Tout le monde n’adoptera pas les meilleures pratiques de la communauté open source pour son équipe. Utilisez ce qui vous convient.


Les meilleures pratiques à considérer pour l’adoption sont spécifiques à:

Configuration du projet (structure de répertoires, fichiers communs, etc.)
Utilitaires de test et d’analyse statique
Bibliothèques couramment utilisées
Normes de codage partagées

En assurant la cohérence entre les projets et les équipes dans ces domaines, vous contribuez à minimiser les frais généraux pour les contributeurs potentiels.
Un développeur travaillant sur un projet en Python devrait pouvoir passer à un autre projet Python appartenant à une autre équipe avec peu ou pas de frais généraux.

Marketing et communication

Le code est écrit. Le code est déployé. Code pourrit. Si personne d’autre ne le sait, personne ne le maintiendra activement.

«Construisez-le et ils viendront»
ne s’applique pas au code.

C’est plus « Construisez-le, commercialisez-le et essayez de construire une communauté active autour de lui »

C’ est un peu plus proche de ce qui est réellement requis pour un projet collaboratif réussi.

Exemple concret:

Docker. S’agit-il de la première technologie de conteneurisation? Nan.
Était-ce le mieux commercialisé et le plus accessible? Absolument!
Une méthode de communication cohérente est un pilier fondamental du succès de l’approvisionnement interne.
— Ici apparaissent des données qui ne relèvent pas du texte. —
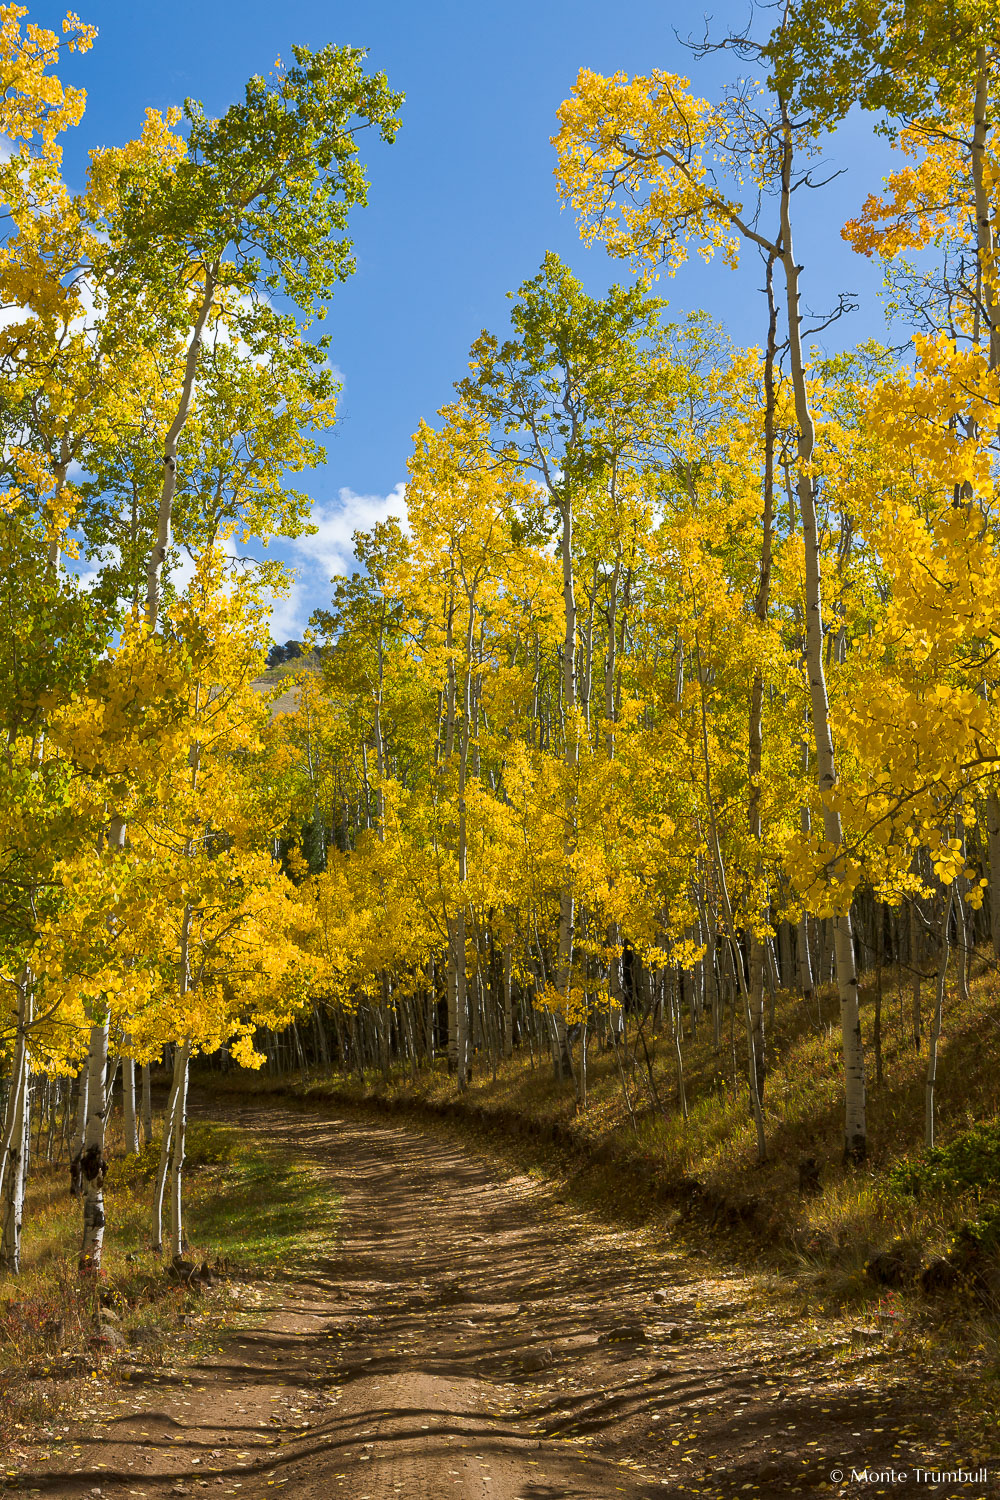 MT-20111005-105816-0088-Colorado-Buena-Vista-golden-aspen-trees-blue-sky-road.jpg
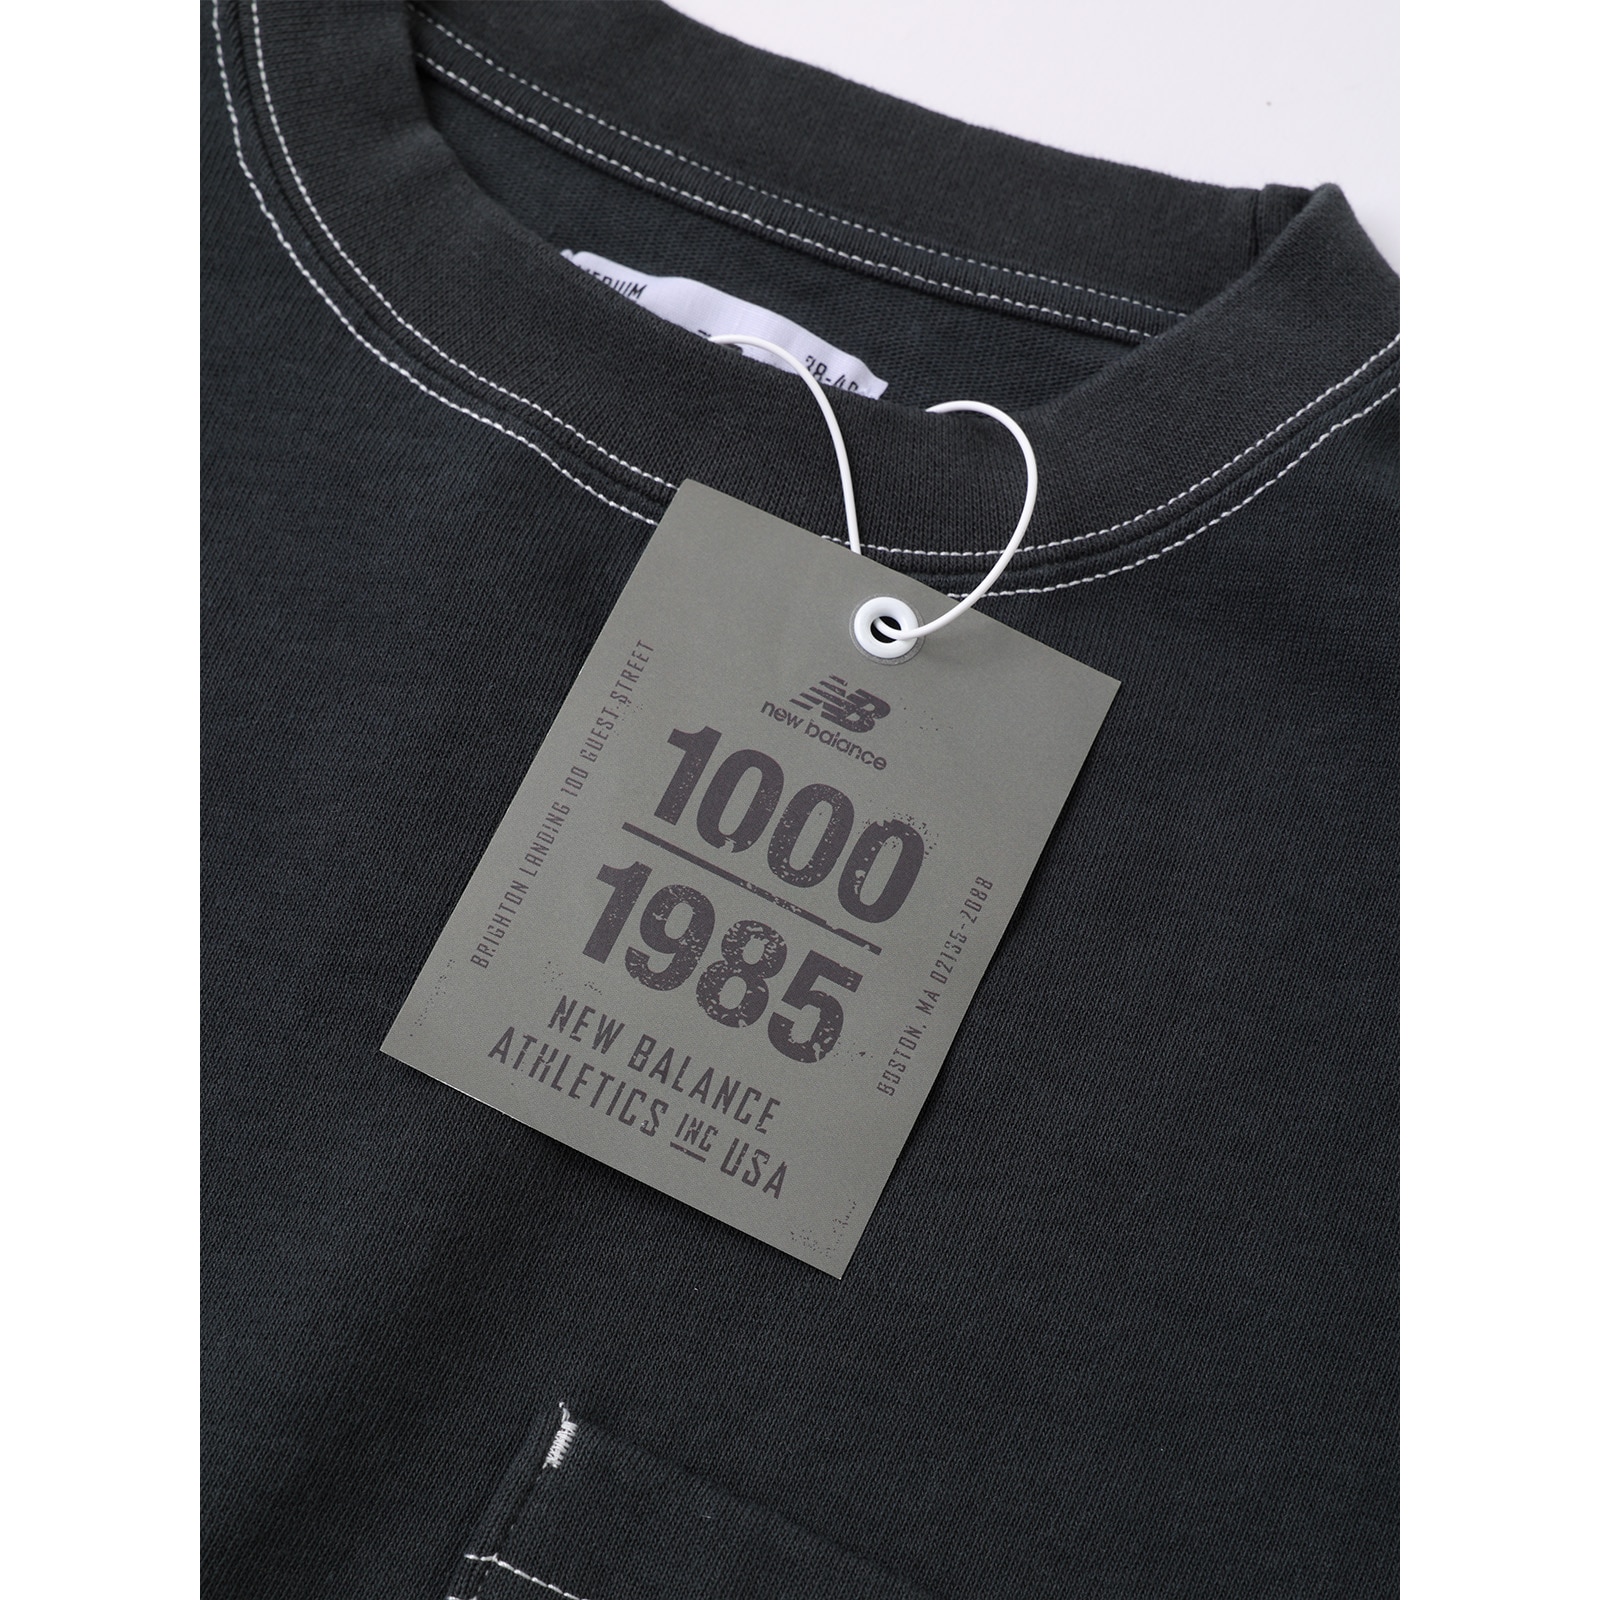 1000 Long Sleeve T-Shirt Regular Fit

Sans une méthode de communication cohérente qui transcende les barrières de l’équipe, l’efficacité des efforts de sourcing interne est intrinsèquement limitée par un manque de transparence et de communication ouverte.
Lors de l’évaluation des outils de collaboration, il est important de définir les problèmes de communication que vous essayez de résoudre:

  • Allez-vous principalement discuter de la conception et de l’architecture du système?
  • Avez-vous principalement besoin de canaux pour faciliter la lutte contre les incendies des opérations?

Il est très important de définir les problèmes réels que vous essayez de résoudre (et non les conséquences de vos biais), car certains outils et méthodes peuvent en fait dégrader votre capacité à communiquer efficacement en tant que groupe.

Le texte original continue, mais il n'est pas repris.